Let's take a general $2n+1$ point central finite difference rule with uniform grid spacing $$ f'(x) \approx h^{-1} \sum_{i=-n}^{n} w_i f(x+ ih), $$ such as two-point central finite differences with $n=1$ and ${\bf w}=(-1/2, 0, 1/2)$ which yields the approximation $$ f'(x) \approx \frac {f(x+h)-f(x-h)} {2h}. $$

Geometry optimization

For geometrical gradients, our function is the energy $E(\{\bf R\})$ where ${\bf R}_I = (X_I, Y_I, Z_I)$ are the coordinates of the $I$-th nucleus. (If we have $N$ nuclei, $\{\bf R\}$ is a vector with $3N$ elements, consisting of the $x$, $y$, and $z$ coordinates of each $N$ nuclei.)

The $k$-th component ($x$, $y$ or $z$) of the force acting on nucleus $I$ is $$ F_{Ik} = -\frac {\partial E} {\partial R_{Ik}}, $$ and it can be evaluated efficiently with analytical methods for a lot of quantum chemical methods. Note that here I use two indices: one for the nucleus and another for the cartesian component.

Simplification of the notation with compound indices

I will now simplify the notation $Ik \to i$. If you number the nuclei from 0 to N-1, then the x, y, and z coordinates of the Ith nucleus will be stored at indices $i=3I$, $i=3I+1$ and $i=3I+2$, respectively. I will also denote the vector of nuclear coordinates with ${\bf x}$ and then the force is $$ F_{i} = -\frac {\partial E} {\partial x_i}. $$

Hessian

The Hessian is the second derivative, and like you said, it is a $3N \times 3N$ square matrix. Analytical Hessians are less often available than analytical gradients, and they can be evaluated either seminumerically, if analytical gradients are available, or fully numerically by applying two rounds of finite differences.
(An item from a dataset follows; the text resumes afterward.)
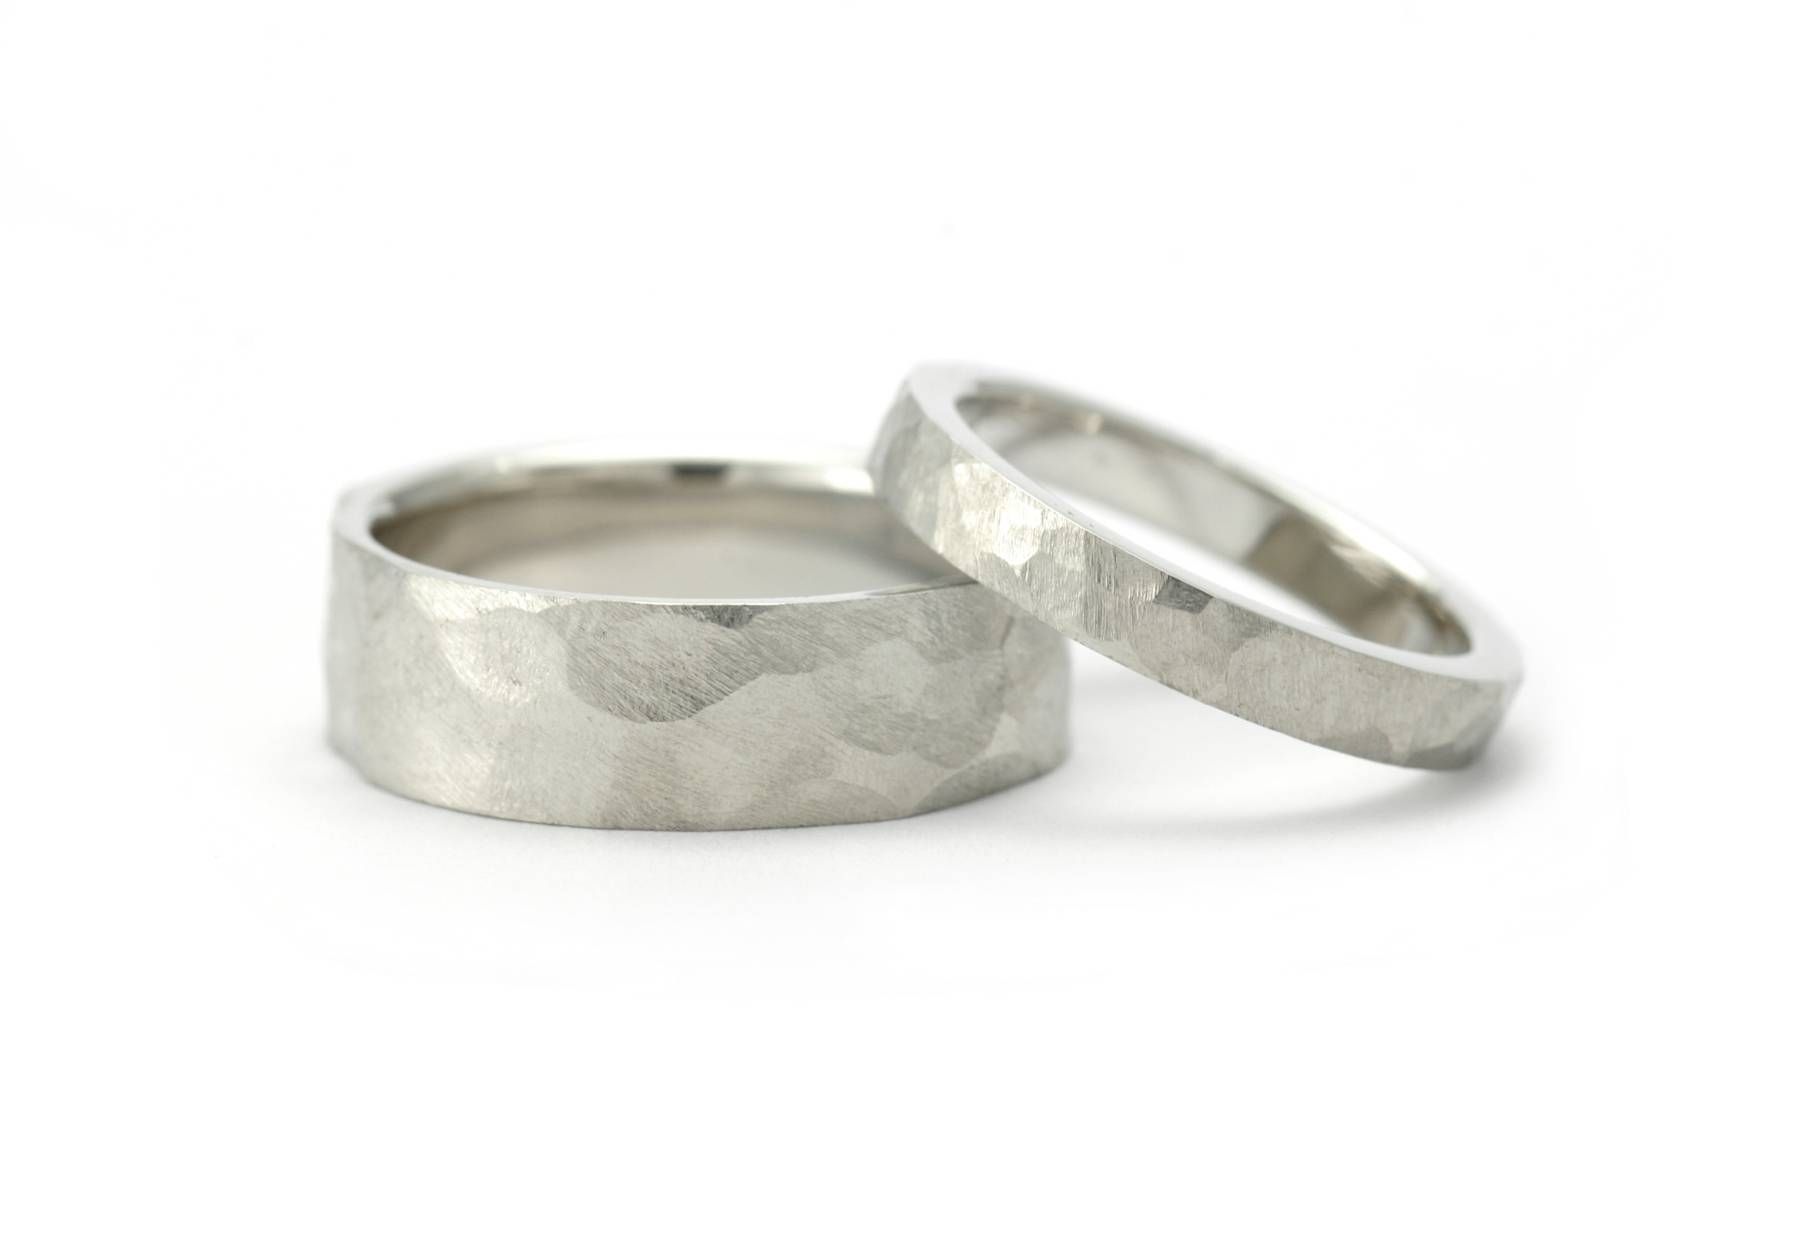 Men's And Women's Matching Wedding Band Sets – Mccaul Goldsmiths Within Men's And Women's Matching Wedding Bands (View 13 of 15)

The Hessian is $$ H_{ij} = \frac {\partial^2 E} {\partial x_i \partial x_j} $$ where I now use the compound indexing.

Seminumerical scheme

Note that if I know the gradients $g_i = \partial E / \partial x_i = -F_i$, I can evaluate the Hessian with finite differences as

$$ H_{ij} = \frac {\partial^2 E} {\partial x_i \partial x_j} =\frac {\partial g_i} {\partial x_j} $$

This form is explicit, since it tells you that the Hessian measures how much the $i$th gradient changes when the $j$th coordinate is modified. How is this evaluated? Let's take the two-point equation above for simplicity

$$ H_{ij} =\frac {\partial g_i} {\partial x_j} \approx \frac {g_i({\bf x}+h\hat{e}_j)-g_i({\bf x}-h\hat{e}_j)} {2h}. $$

That is, for each column $j$ in the Hessian, you get the row $i$ by taking the difference of gradients of all the atoms where the gradients are evaluated with coordinates where the $j$-th coordinate has been modified. This means that for this rule, you need to do 2 gradient evaluations for every $3N$ columns, or $6N$ gradient calculations.

Note in the above that if the $i$ derivative is evaluated analytically and the $j$ derivative with finite differences, the Hessian matrix will have numerical noise in column indices but not in row indices, and thereby will be asymmetric, even though it is supposed to be symmetric. This is why it is a good idea to re-symmetrize the Hessian, $$ H_{ij} \to \frac {H_{ij} + H_{ji}} 2 $$.

Fully numerical scheme

What about the fully numerical Hessian? It is nothing more complicated than the above; you just use the finite difference equation again to expand $g_i$ to get

$$ H_{ij} \approx \frac {E({\bf x}+h\hat{e}_i+h\hat{e}_j)-E({\bf x}-h\hat{e}_i+h\hat{e}_j)-E({\bf x}+h\hat{e}_i-h\hat{e}_j)+E({\bf x}-h\hat{e}_i-h\hat{e}_j)} {4h^2}. $$

Even though this example only used two-point rules, you can use higher-order ones as well, such as the ones presented in Wikipedia.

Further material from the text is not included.